You can use an entry-level LSI hardware RAID controller to ease deployment and recovery. At least the underlying RAID will be transparent to the OS.


Edit:

These are highly overprovisioned industrial SSDs. Configure the RAID 1 mirror as normal and just monitor the drives over time.

ewwhite
  • 194,921
  • 91
  • 434
  • 799
  • 1
    Though if you do decide to do hardware RAID, you need to make sure that the OS supports the hardware such that you can see the state of the underlying devices, or you won't know when devices start failing unless you're physically in front of the machine. +1 from me, anyway. – MadHatter Jul 15 '14 at 16:03
  • All major hardware RAID vendors provide Linux software which can monitor the individual devices behind the adapter. These can be tied into Nagios, etc. for monitoring. – Stefan Lasiewski Jul 15 '14 at 17:25
  • I've put the answers to your SSD/hardware questions as extra info in the question (hope that's okay, I'm new here). The idea is on the rare occasion that one of these drives fails in the field, be able to recover the mirrored data from the one that hasn't failed. Data-loss impact is high. Knowing that, would RAID1 still not be too much of an issue as you said? – mochatiger Jul 15 '14 at 17:37
  • 3
    @mochatiger Knowing what you've said and that the SSDs are highly overprovisioned (40%), I would configure software RAID 1 as you were planning. Red Hat's documentation is meant for general use cases and consumer hardware. Your situation is definitely different. – ewwhite Jul 15 '14 at 17:40
8

Is this something I should be seriously concerned with?

No

Are there alternatives for redundancy that I can use?

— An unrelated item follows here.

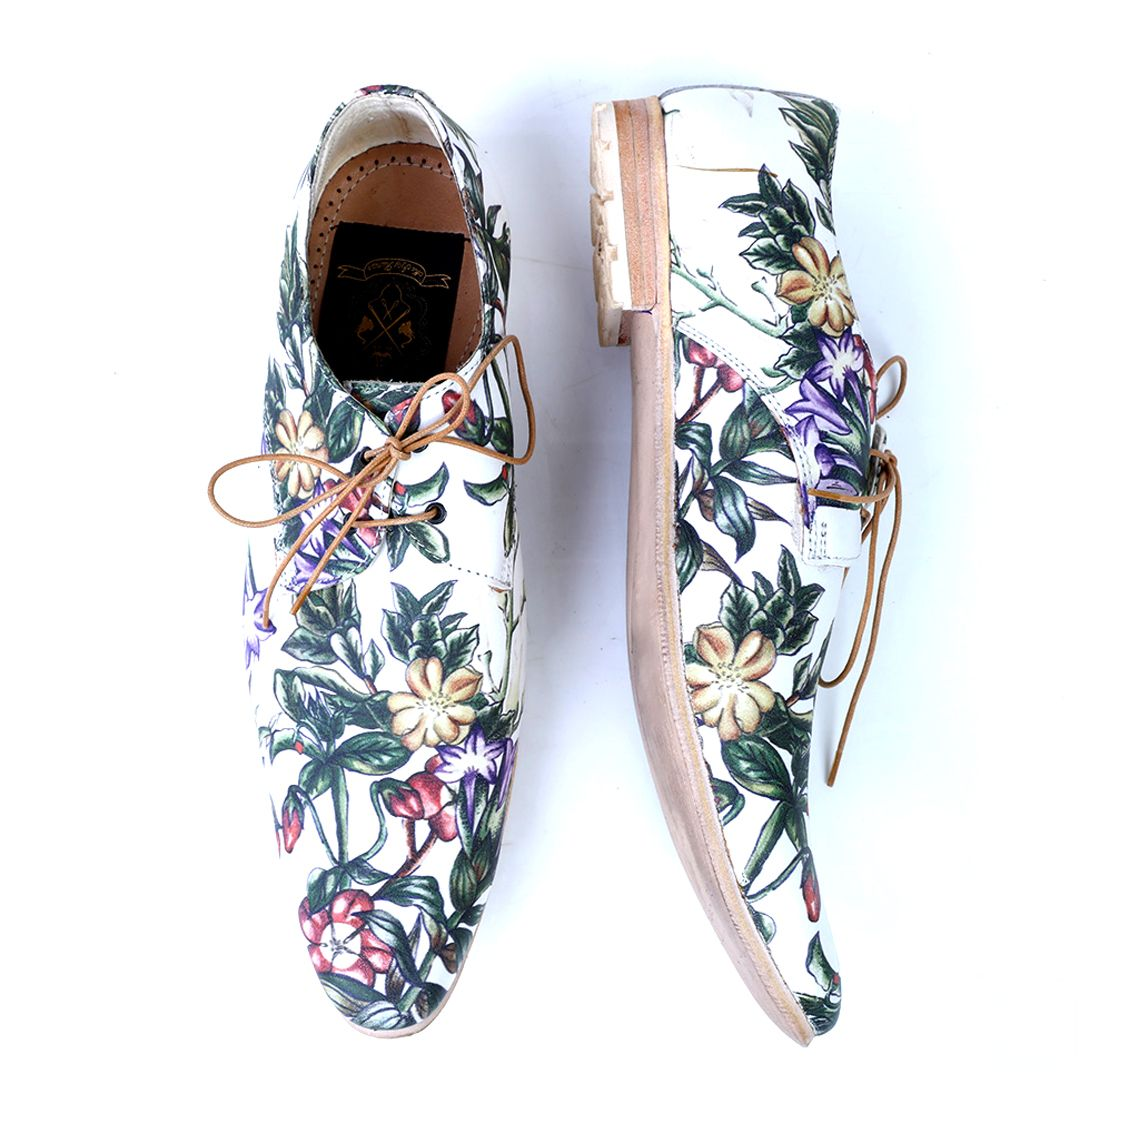 Bodh Handmade Leather Printed Shoes

I prefer hardware RAID controllers but that's a personal thing, you're fine like this.

Chopper3
  • 100,240
  • 9
  • 106
  • 238
  • 1
    Chopper can you explain why we shouldn't be concerned about this? Shouldn't we be concerned with anything that causes 'performance of the SSD to degrade quickly.'? – Stefan Lasiewski Jul 15 '14 at 18:48
  • 2
    Sure, if you first explain how this level of work could possibly cause 'performance of the SSD to degrade quickly' given 2014-spec enterprise (OP uses the term 'industrial') SSDs. – Chopper3 Jul 15 '14 at 18:58
5

Question you should ask is when that documentation was written. They generally use the same material and update it if required, and SSD technology has changed since then.

Even though they are industrial, write and read performance is not the same. The documentation is referring to write performance, but with a mirror setup, you will get better read performance with /boot and / mounts.

So questioning the documentation in some respects is worthwhile.

paulcube
  • 181
  • 1
  • 9
1

You can use it without much problems in soft RAID1 configuration (even if the SSD was not so much overprovisioned), but only provided you TRIM on it after creating.

You can do it by on of the following:

  • using new enough kernel which supports MD passing TRIM to SSD (at least 3.8.something IIRC, but please check), and running fstrim(8) (from util-linux package) nightly

  • using new enough kernel and having "discard" mount option on it (for ext4/xfs). Note that this is lower performance than above, as TRIM is nonqueueable, and this does not take advantage of batching above

  • on older kernels, run nightly cron run of mdtrim. Be sure to test in with provided test script before putting important data on it!

Also note that it all applies only for filesystem directly on softRAID. It won't work for most all hardware RAIDs. Also, it (currently) won't work if you have LVM or some other layer on top of MD softraid. You'll need big overprovisioning to survive those (and luckily you have 40% of it, so you're fine).

Matija Nalis
  • 2,409
  • 23
  • 37